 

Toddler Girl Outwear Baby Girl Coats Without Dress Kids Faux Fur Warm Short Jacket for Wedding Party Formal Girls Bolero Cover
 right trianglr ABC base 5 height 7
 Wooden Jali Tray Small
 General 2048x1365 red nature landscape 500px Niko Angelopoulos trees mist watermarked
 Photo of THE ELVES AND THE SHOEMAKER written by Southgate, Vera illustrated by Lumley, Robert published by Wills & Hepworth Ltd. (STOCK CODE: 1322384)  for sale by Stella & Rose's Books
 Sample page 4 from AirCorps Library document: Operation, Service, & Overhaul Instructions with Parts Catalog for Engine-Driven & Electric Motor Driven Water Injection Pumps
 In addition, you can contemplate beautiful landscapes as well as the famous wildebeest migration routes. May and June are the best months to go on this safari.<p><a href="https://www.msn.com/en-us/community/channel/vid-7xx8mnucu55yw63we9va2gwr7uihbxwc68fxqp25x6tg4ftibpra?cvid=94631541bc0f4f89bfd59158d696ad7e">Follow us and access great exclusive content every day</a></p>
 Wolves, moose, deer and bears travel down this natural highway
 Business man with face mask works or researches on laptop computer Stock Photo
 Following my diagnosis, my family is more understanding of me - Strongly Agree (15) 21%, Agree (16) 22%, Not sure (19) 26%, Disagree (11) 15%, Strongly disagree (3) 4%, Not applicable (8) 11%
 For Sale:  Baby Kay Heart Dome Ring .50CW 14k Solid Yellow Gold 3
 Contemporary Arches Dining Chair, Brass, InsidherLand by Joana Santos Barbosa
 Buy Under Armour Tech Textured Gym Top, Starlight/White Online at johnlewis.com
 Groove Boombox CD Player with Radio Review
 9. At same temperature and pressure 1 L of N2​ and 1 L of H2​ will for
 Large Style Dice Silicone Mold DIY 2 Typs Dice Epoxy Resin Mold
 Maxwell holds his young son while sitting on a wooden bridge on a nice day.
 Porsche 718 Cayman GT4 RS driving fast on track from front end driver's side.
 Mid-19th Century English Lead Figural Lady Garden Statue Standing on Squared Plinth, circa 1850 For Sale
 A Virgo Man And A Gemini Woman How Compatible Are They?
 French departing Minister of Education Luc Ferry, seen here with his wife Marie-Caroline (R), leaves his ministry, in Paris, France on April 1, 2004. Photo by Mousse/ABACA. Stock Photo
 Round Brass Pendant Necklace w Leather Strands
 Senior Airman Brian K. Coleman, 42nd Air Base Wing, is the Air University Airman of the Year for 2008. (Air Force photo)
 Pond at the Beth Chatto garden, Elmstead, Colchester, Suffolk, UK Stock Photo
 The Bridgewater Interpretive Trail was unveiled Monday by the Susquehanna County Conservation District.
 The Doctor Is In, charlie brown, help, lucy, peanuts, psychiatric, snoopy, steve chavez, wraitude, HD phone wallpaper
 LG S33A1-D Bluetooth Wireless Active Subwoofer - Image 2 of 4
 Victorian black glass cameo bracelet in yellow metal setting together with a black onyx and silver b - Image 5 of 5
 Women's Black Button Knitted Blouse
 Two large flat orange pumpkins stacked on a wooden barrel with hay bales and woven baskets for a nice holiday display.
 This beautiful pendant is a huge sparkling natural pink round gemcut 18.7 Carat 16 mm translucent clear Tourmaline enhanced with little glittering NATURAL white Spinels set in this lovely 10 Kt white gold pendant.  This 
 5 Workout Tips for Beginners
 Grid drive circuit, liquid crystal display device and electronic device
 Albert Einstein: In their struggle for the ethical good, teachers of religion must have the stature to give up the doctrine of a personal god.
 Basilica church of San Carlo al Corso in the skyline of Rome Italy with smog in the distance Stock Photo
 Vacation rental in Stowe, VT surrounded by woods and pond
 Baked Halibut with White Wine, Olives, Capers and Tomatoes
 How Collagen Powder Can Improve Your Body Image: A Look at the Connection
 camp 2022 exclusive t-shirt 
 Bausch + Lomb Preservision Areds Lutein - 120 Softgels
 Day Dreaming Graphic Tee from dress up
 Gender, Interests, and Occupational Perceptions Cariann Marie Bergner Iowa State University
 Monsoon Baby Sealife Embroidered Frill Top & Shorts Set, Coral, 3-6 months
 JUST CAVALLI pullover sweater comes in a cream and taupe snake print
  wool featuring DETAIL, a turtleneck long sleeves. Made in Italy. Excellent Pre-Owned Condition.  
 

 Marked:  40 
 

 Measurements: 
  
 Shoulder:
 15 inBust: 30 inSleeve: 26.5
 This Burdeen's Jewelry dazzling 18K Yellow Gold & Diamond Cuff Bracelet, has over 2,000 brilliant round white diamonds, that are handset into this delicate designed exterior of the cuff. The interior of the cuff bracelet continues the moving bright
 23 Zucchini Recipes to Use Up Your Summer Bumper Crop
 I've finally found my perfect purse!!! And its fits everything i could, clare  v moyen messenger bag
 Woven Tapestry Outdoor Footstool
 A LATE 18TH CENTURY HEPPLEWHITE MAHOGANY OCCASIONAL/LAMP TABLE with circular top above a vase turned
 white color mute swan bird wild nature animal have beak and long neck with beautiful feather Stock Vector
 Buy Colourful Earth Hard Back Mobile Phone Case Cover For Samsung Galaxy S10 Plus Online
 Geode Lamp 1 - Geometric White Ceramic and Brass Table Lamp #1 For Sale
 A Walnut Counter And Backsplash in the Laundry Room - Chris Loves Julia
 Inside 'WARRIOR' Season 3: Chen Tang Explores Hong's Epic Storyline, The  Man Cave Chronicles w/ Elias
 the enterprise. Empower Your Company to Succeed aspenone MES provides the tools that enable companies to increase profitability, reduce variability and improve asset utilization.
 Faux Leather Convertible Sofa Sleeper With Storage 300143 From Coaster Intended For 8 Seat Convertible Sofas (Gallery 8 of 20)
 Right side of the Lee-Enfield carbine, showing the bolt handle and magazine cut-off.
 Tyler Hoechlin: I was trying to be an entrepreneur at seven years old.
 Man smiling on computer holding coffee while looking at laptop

Activity: Pull every line with "natural" from the records.

Exercise solution:
 Wolves, moose, deer and bears travel down this natural highway
 This beautiful pendant is a huge sparkling natural pink round gemcut 18.7 Carat 16 mm translucent clear Tourmaline enhanced with little glittering NATURAL white Spinels set in this lovely 10 Kt white gold pendant.  This 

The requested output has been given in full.